The real reason to pull down Churchill’s statue

Danny Boyle’s opening ceremony for the 2012 London Olympics briefly united the world in Anglophilia. The Britain celebrated there seemed amused, multicultural, cool — the Britain of the Beatles, the National Health Service, Shakespeare and Mr Bean. There was, however, one strong dissonant note: the moment when, as a camera follows the Queen’s supposed helicopter from Buckingham Palace to the East End, Churchill’s statue in Parliament Square smiles and waves its stick in greeting. That had no place in this warm celebration of Cool Britannia.
Those who abhor Churchill do so for good reason. Shashi Tharoor has explained that Churchill was “a war criminal and an enemy of decency and humanity, a blinkered imperialist untroubled by the oppression of non-white peoples, a man who fought not to defend but to deny our freedom.” When angry Londoners attacked this same statue last week, many cheered here in the colonies Churchill struggled all his life to keep.
Boris Johnson disagrees. The statue, says the British prime minister, “is a permanent reminder of his achievement in saving this country — and the whole of Europe — from a fascist and racist tyranny.” His achievement? I suppose America, Russia, the rest of Europe, not to mention the rest of the Empire, had nothing to do with it?
The war was won thanks to half the world’s determination and to the superior innovation of free societies — not a few speeches. I am as much of a historian as is Johnson — that is, not at all, in spite of his awful book on Winston — but unlike him, I read actual historians. And, as the historian Richard Toye has so painstakingly demonstrated, the myth of Churchill’s speeches stiffening the spine of a half-defeated world is just that — a myth. In a world where Winston Churchill never existed, the war would still have been won.
Naturally Johnson would have to defend Churchill. The entire movement that has catapulted Britain out of Europe and Johnson into No. 10 is based upon a painstaking preservation of various absurd myths about British history. The notion that Churchill saved Europe is an unsubtle claim that Europe owes Britain. The idea that Britain, with its vast overseas empire, stood alone in 1940 is an equally unsubtle reminder that it could stand alone today.

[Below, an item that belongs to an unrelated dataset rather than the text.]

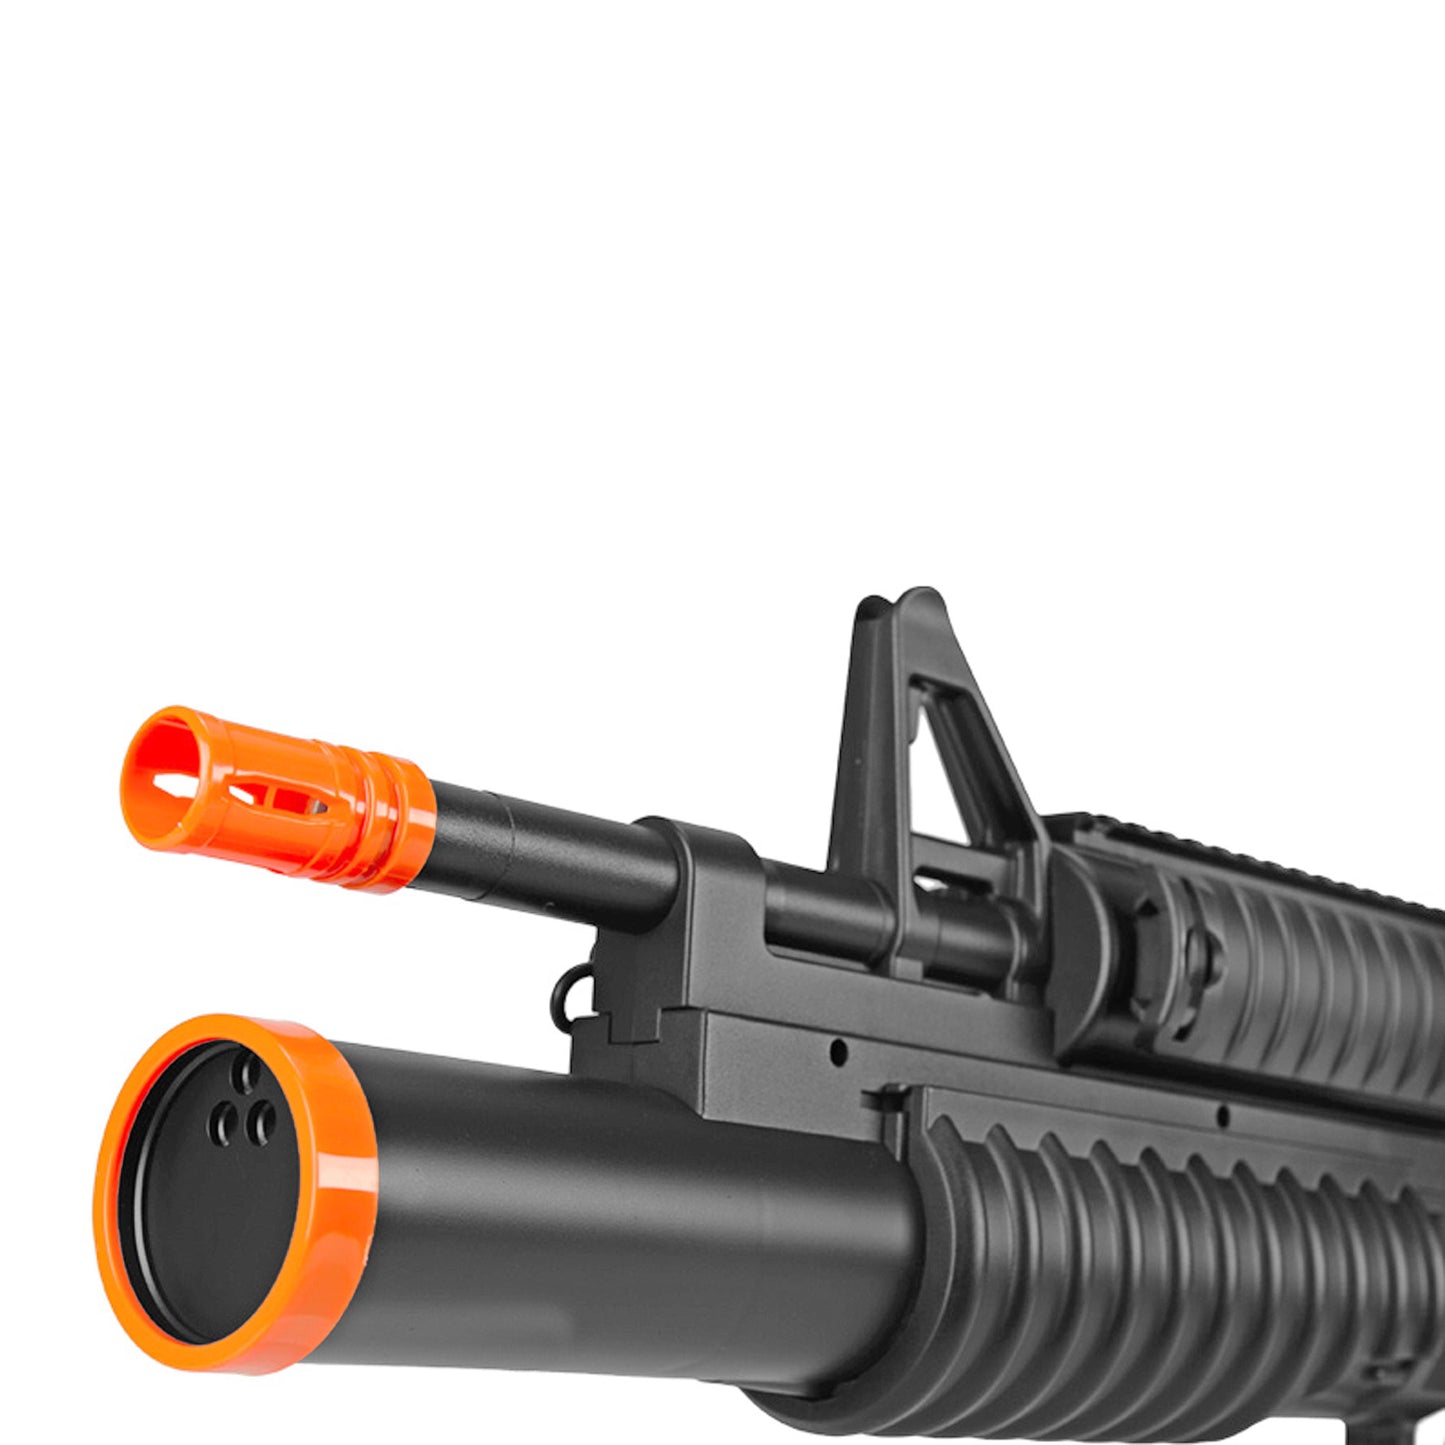 BBTac Airsoft Gun Electric Rifle Full Auto with Burst 3 Round Launcher, Rail System, Powerful AEG Shoot 6mm BBs

Beyond Brexit, the notion of Britishness that Churchill embodies is one that has no place for racial minorities and which dismisses their justified complaints. Without an honest reckoning with its past, the Britain of 2020 will continue to be adrift in a world with few allies, uncertain of what its own economic advantages are and with an increasingly unclear sense of itself as a modern nation. This is a Britain whose mind has been poisoned by such myths and, yes, held back by the weight of statues of slavers and imperialists. Johnson said that statues “teach us about our past, with all its faults.” Statues do not teach; schools do.
So, take down such statues — Churchill, of course, but also Clive “of India” on Whitehall and the generals of the British Indian Army in Trafalgar Square. But if we are to leach this poison from the British mind, then it is school curricula that will have to change. A University of Liverpool lecturer pointed out her students “know very little about Britain’s past, let alone Britain’s connections with the wider world or the history of the world outside Europe. … They therefore know practically nothing about empire and its legacies — including in Britain.”